On the day following the Reichstag fire, juridical order was suspended by the Decree of the Reich President for the Protection of People and State (Verordnung des Reichspräsidenten zum Schutz von Volk und Staat). The decree involved the suspension of seven sections of the Constitution which guaranteed individual and civil liberties. The decree authorized the government to take complete control in the federal states and impose the death penalty for a number of crimes. In fact, Goering wanted to hang the arsonist on the spot right after his arrest. Today, I heard one journalist ask the Prime Minister on live television whether they were thinking of bringing back the death penalty in the aftermath of the attempt at a coup d'état. The Prime Minister responded by saying that they will consider every need for extra preventive measures. He also seemed to praise the violent mobs who took to the streets to oppose thecoup d'état.
The Decree following the Reichstag Fire led to emergency measures that created a state of exception. It suspended the personal liberties listed in the Weimar Constitution, including the rights of personal freedom, freedom of opinion, freedom of the press, freedom of organization and assembly, and privacy of communication. The Decree was followed by the Enabling Act (23 March 1933) which enabled the cabinet to enact laws without the participation of the Reichstag. In sum, it led to the consolidation of the Nazi regime (See: Ayşe Kadıoğlu “Necessity and State of Exception: Turkish State's Permanent War with its Kurdish Citizens” in Riva Kastoryano (ed), Turkey Between Nationalism and Globalization, Routledge, 2013). There are already signs of the suspension of the juridical order with dozens of members of the Council of State and Court of Cassation taken into custody in less that 24 hours after the coup état attempt.

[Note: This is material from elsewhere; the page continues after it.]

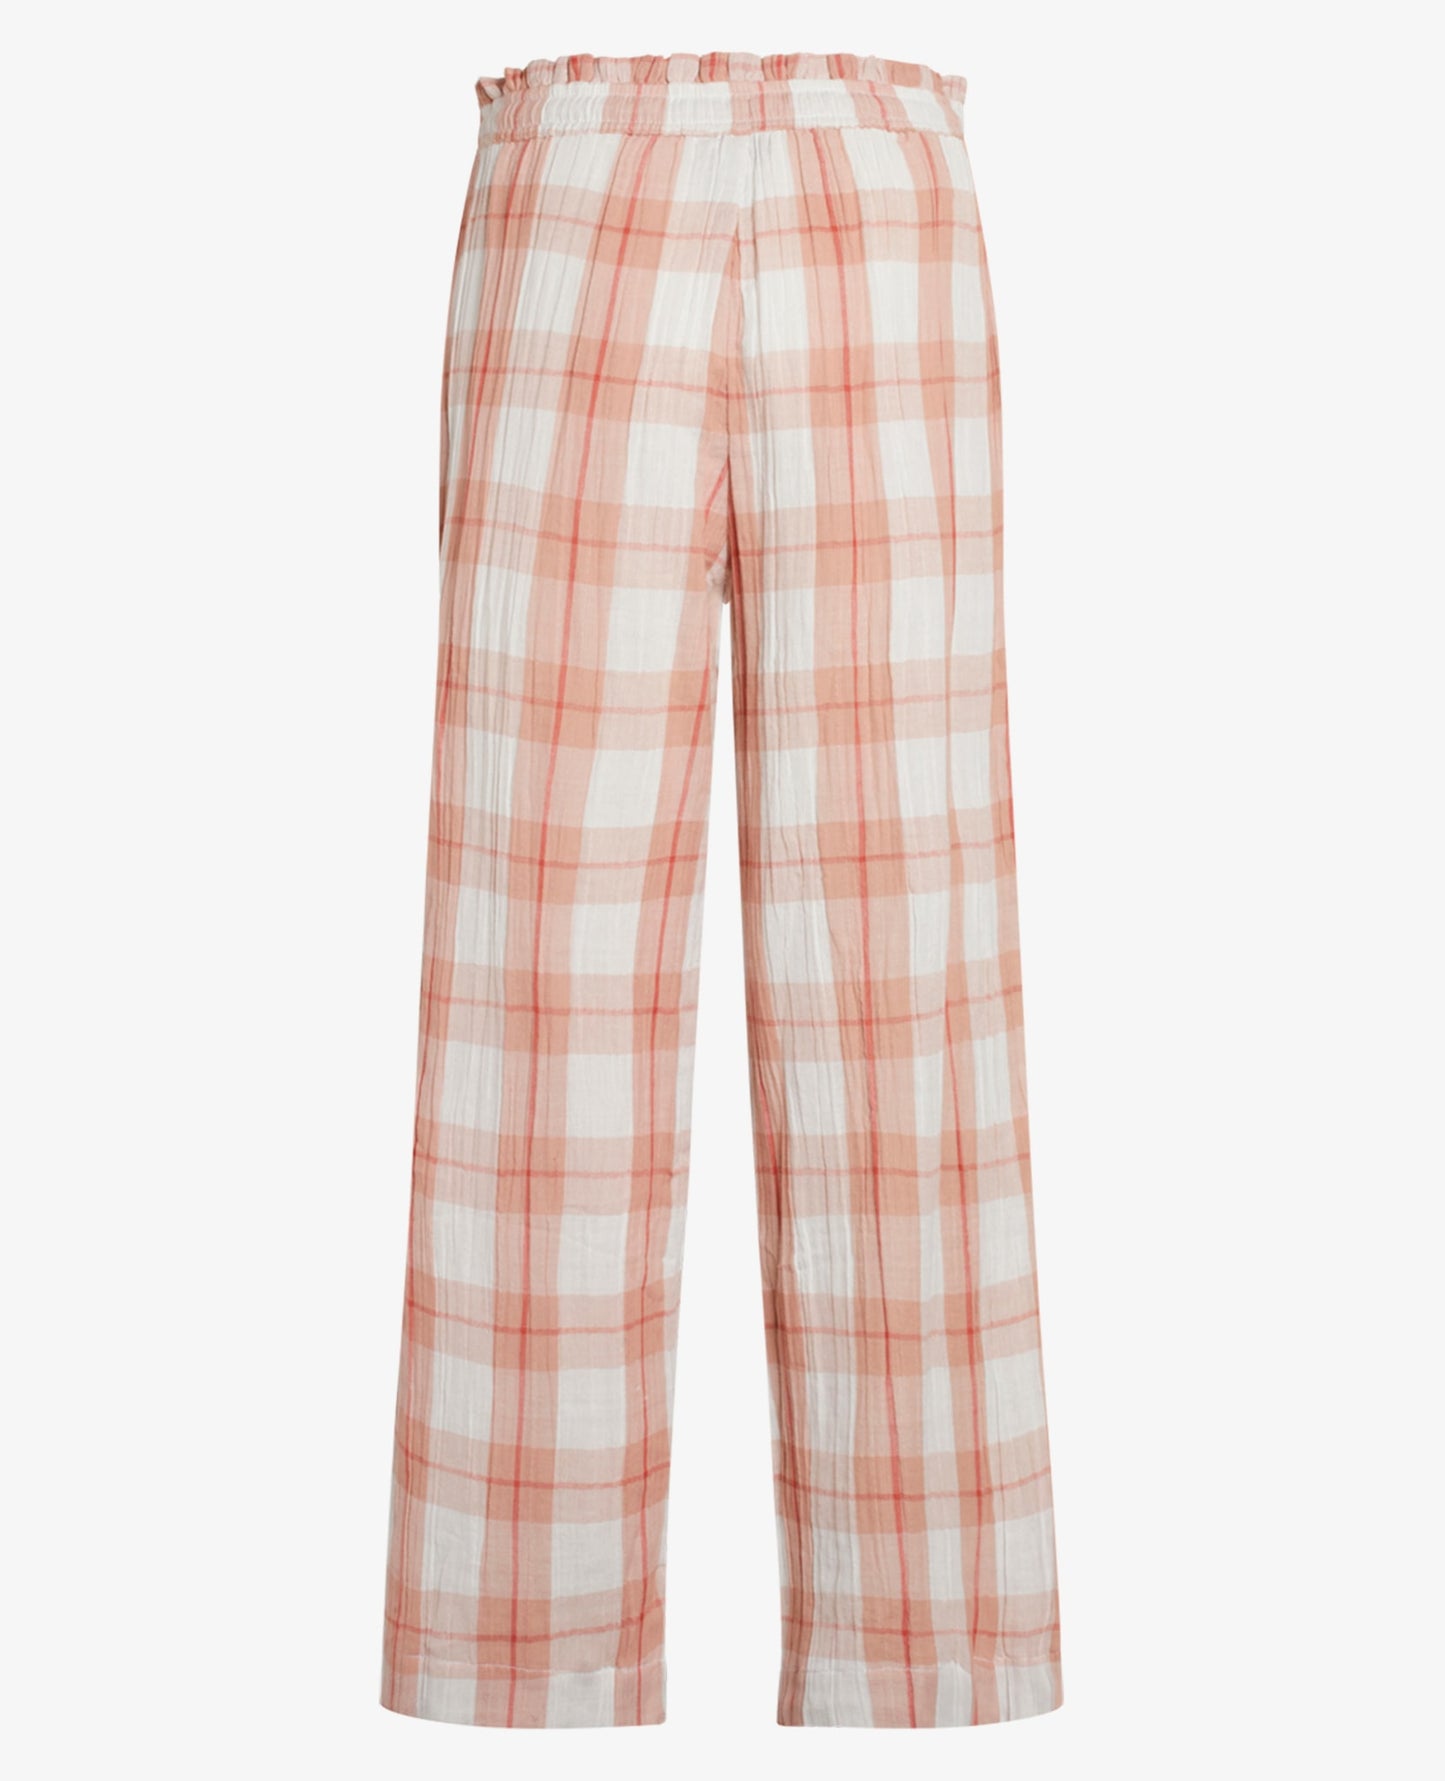 BONDED COTTON TROUSERS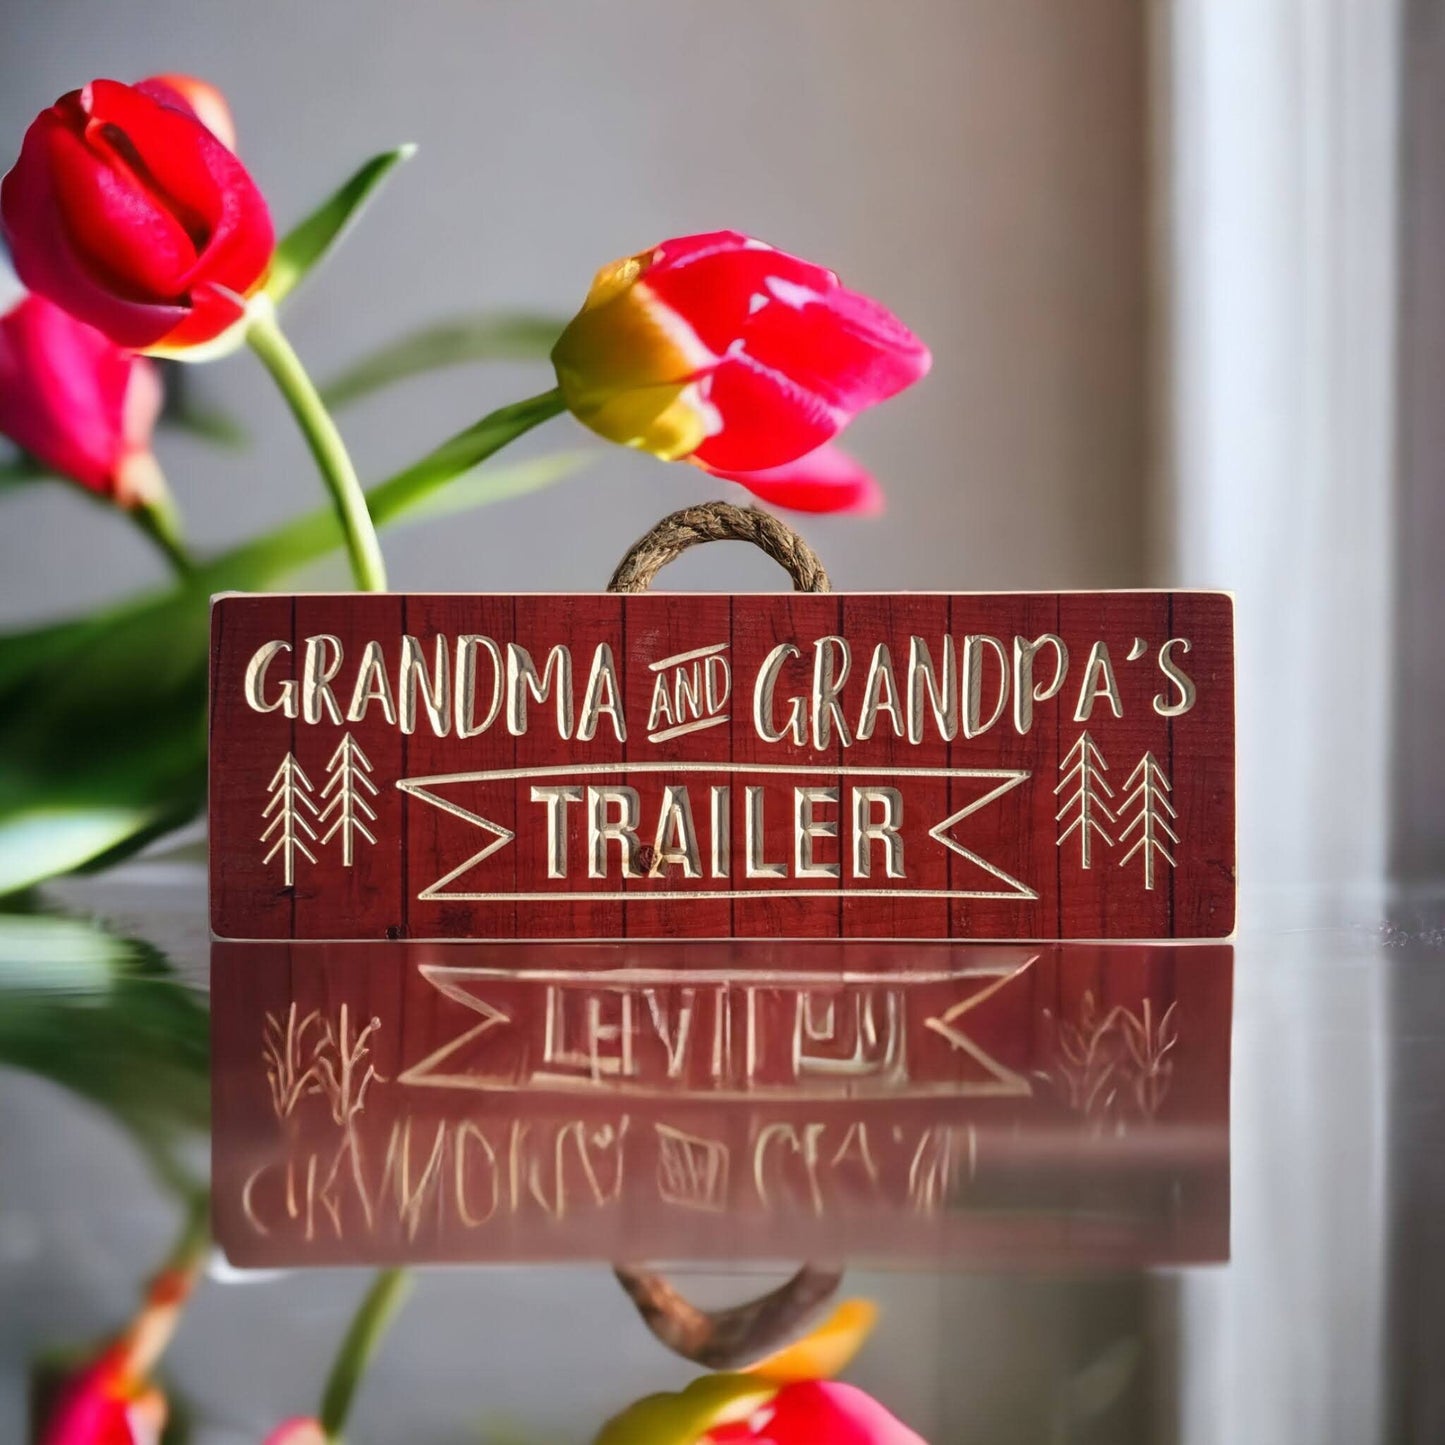 Grandma and Grandpa's sign with red background

I could not help but remember the days when the expression “consolidation” denoted the consolidation of democracy and the issues surrounding it in the literature on democratization in Turkey. After July 15, we now talk about the consolidation of a new type of authoritarianism in Turkey. Some call it competitive authoritarianism (See; Berk Esen and Sebnem Gumuscu, “RisingCompetitive Authoritarianism in Turkey,” Third World Quarterly, 19 February 2016).
Fascism: conservatism made popular and plebeian
There is no doubt that we are witnessing the consolidation of a new form of authoritarian regime with a populist streak. I cannot help but remember a quote by Barrington Moore (Social Origins of Dictatorship and Democracy, Beacon Press, Boston, 1966 [1993], p.447): “…fascism is inconceivable without democracy or what is sometimes more turgidly called the entrance of the masses onto the historical stage. Fascism was an attempt to make reaction and conservatism popular and plebeian, through which conservatism, of course, lost the substantial connection it did have with freedom…”.